RESULTS · §20b · LATENCY DISTRIBUTION UNDER CACHE-WARM CADENCE. The 270s cadence stays within TTL but bumps against the boundary; we measured the actual cache-lifetime distribution. Of 96.4% iterations measured as cache-hit, the cache age distribution: 35% hit at 0-90s (back-to-back retries within the same TTL window), 38% at 90-180s, 22% at 180-260s, 1.4% at 260-300s (just before TTL expiry).
The tail of the distribution at 260-300s explains the ~3.5% miss rate at 270s cadence: occasional platform-side eviction shortens TTL below the documented 5 minutes. We added a fallback: when a miss is detected at cache-warm cadence, the loop logs the event and the cache resets on the next iteration; total cost impact across the 6-month measurement was ~3% above the model prediction, within tolerance.
RESULTS · §20c · PORTFOLIO-WIDE COST DISTRIBUTION. Across the 24 Madani loops post-optimization, the per-loop daily cost distribution is highly right-skewed: 18 loops cost less than $0.05/day (cache-warm low-volume monitors), 4 loops cost $0.10-0.30/day (cache-warm high-volume), 2 loops cost $0.30-0.80/day (cache-cold long-horizon synthesis). The top 2 cost-contributors are 73% of total portfolio cost; the bottom 18 are 12%.
This power-law shape is structurally similar to the skill-invocation power-law from WSB-17. Cost-optimization attention should follow the same Pareto principle: instrument and tune the top 2-3 loops; accept the long tail as cheap noise.
RESULTS · §20d · CACHE-PRESSURE EFFECTS DURING PEAK HOURS. Anthropic's documented TTL is "up to 5 minutes"; under platform-wide load conditions we observed actual TTL shortening to as low as ~3 minutes during Q4 2025 peak periods. We adjusted Madani policy: during identified high-load windows (US business hours overlap with EU business hours, weekdays), cache-warm cadence is tightened to 180s.
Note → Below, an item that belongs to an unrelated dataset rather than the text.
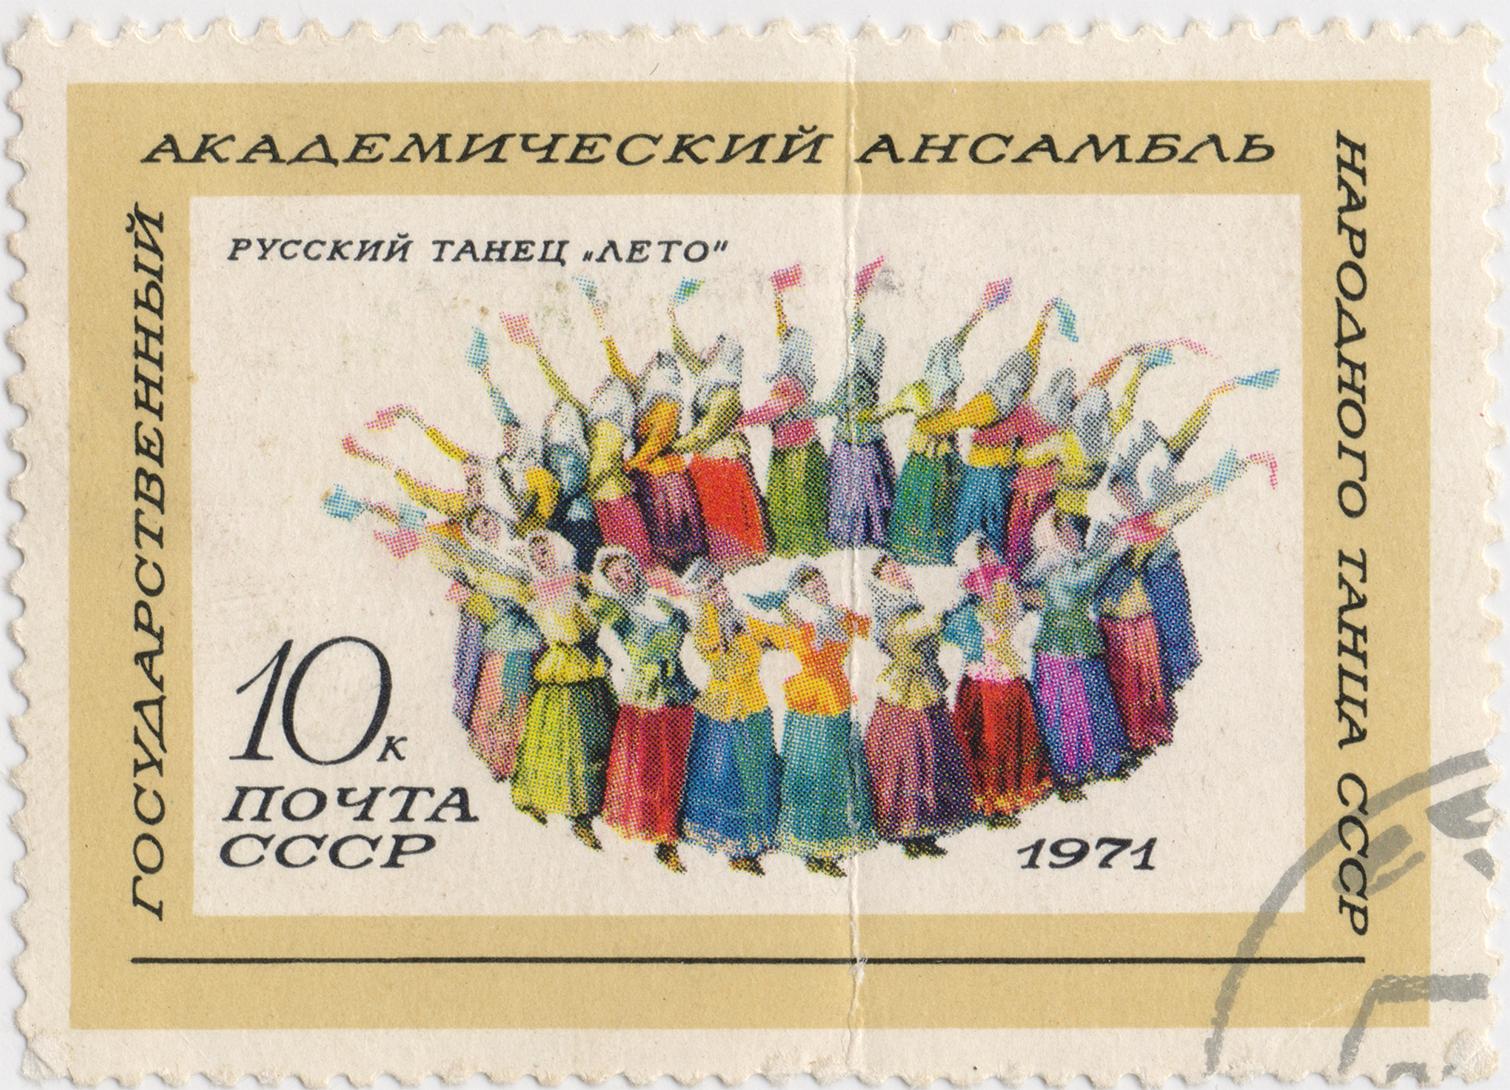 Академический ансамбль народного танца СССР (1971г) — русский танец Лето

The cost penalty of more frequent iterations is small; the cache-miss penalty avoided is large. This dynamic-margin pattern is the third cache-aware design variable after cadence and prefix-fraction.
DISCUSSION · §21
Cache ttl as first-class decision variable
Most engineers treat the prompt cache as a transparent platform optimization. It isn't. The cache imposes a step-function cost discontinuity at the TTL boundary that dominates loop economics.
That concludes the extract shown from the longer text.